# Being interviewed



## MaidenScotland (Jun 6, 2009)

I have been approached by a magazine here in Spain to tell my story on living through the revolution and ending up in Spain... No payment but I am in two minds what to do


----------



## MaidenScotland (Jun 6, 2009)

Just had a thought ..they want to use my photos so maybe I should get a payment for that.. I would donate the payment to the animal shelter in cairo


----------



## aykalam (Apr 12, 2010)

MaidenScotland said:


> Just had a thought ..they want to use my photos so maybe I should get a payment for that.. I would donate the payment to the animal shelter in cairo


If they are going to use your photos then they should really pay you for it! Great idea about the donation. 

What's the magazine? o


----------



## MaidenScotland (Jun 6, 2009)

aykalam said:


> If they are going to use your photos then they should really pay you for it! Great idea about the donation.
> 
> What's the magazine? o


When and if I do it I will post the article... It is an expat magazine on the costa blanca


----------



## aykalam (Apr 12, 2010)

MaidenScotland said:


> When and if I do it I will post the article... It is an expat magazine on the costa blanca


Please do :clap2:


----------



## hurghadapat (Mar 26, 2010)

MaidenScotland said:


> When and if I do it I will post the article... It is an expat magazine on the costa blanca


Go for it.....why not as i am sure it will be an interesting and informative read especially for those who are considering a move to Egypt.


----------



## mariayoko (Jul 11, 2011)

Hehehe!
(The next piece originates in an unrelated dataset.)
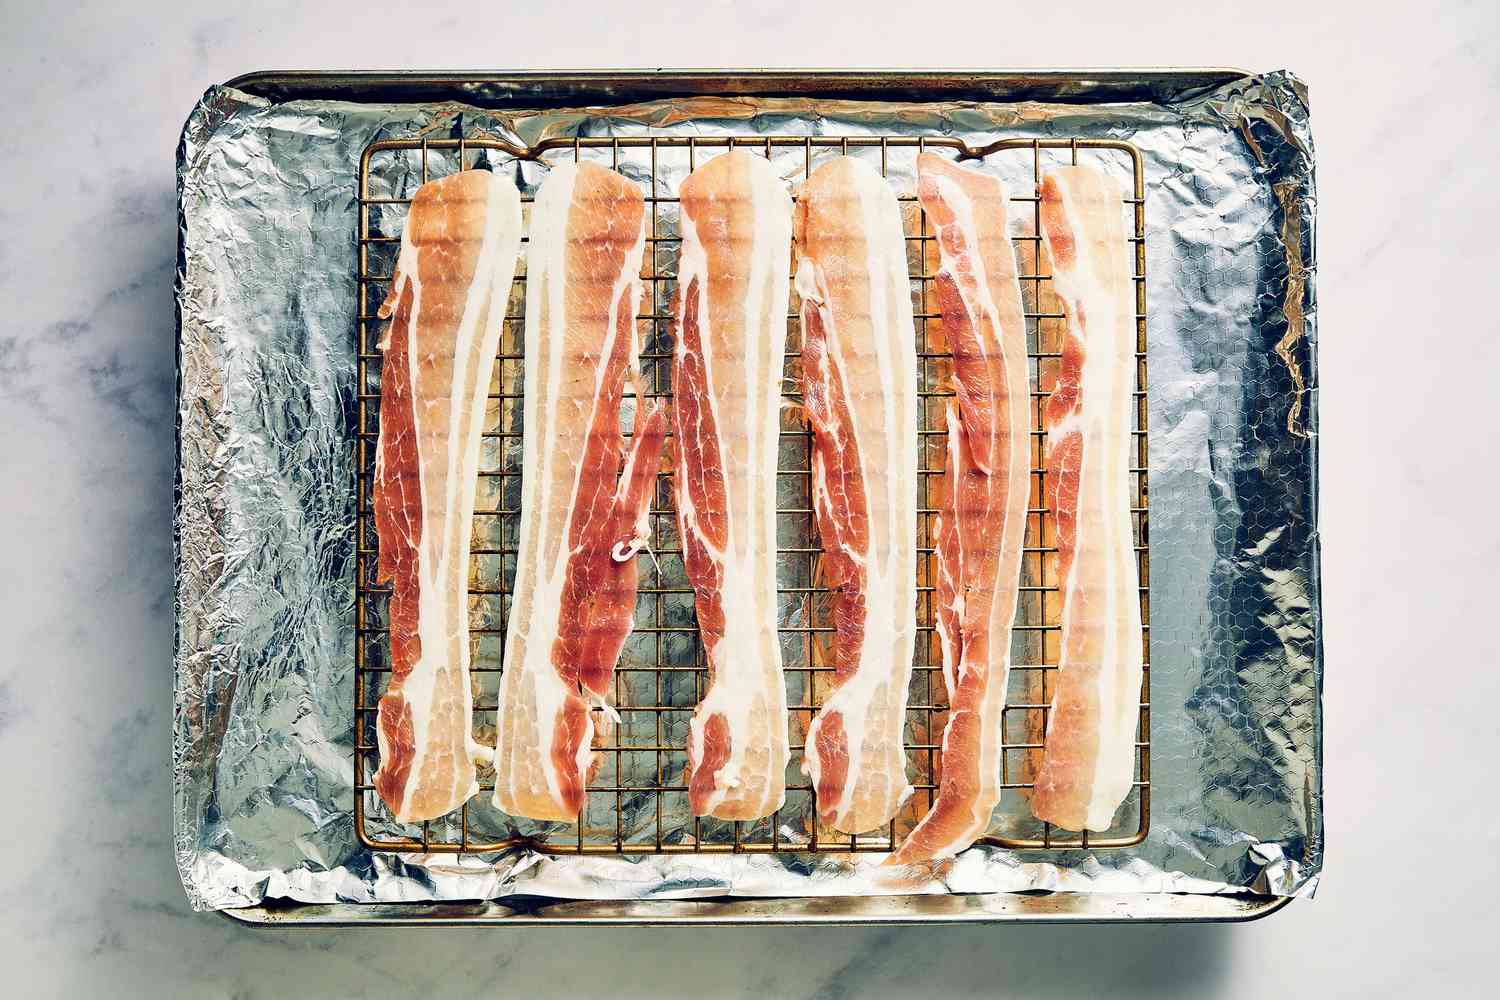 A sheet pan lined with foil with a baking rack, with thick pieces of thick cut bacon on the baking rack

Of course! You should get a payment for that  And great idea donate it to the animal shelter in cairo. Sorry that i´m so curious :$ IS ESMA the animal shelter? I didn´t went to know the place yet but i see how they help sooo much! Good luck!!!


----------



## MaidenScotland (Jun 6, 2009)

mariayoko said:


> Hehehe! Of course! You should get a payment for that  And great idea donate it to the animal shelter in cairo. Sorry that i´m so curious :$ IS ESMA the animal shelter? I didn´t went to know the place yet but i see how they help sooo much! Good luck!!!




Yes ESMA is the shelter that I would/will donate the payment


----------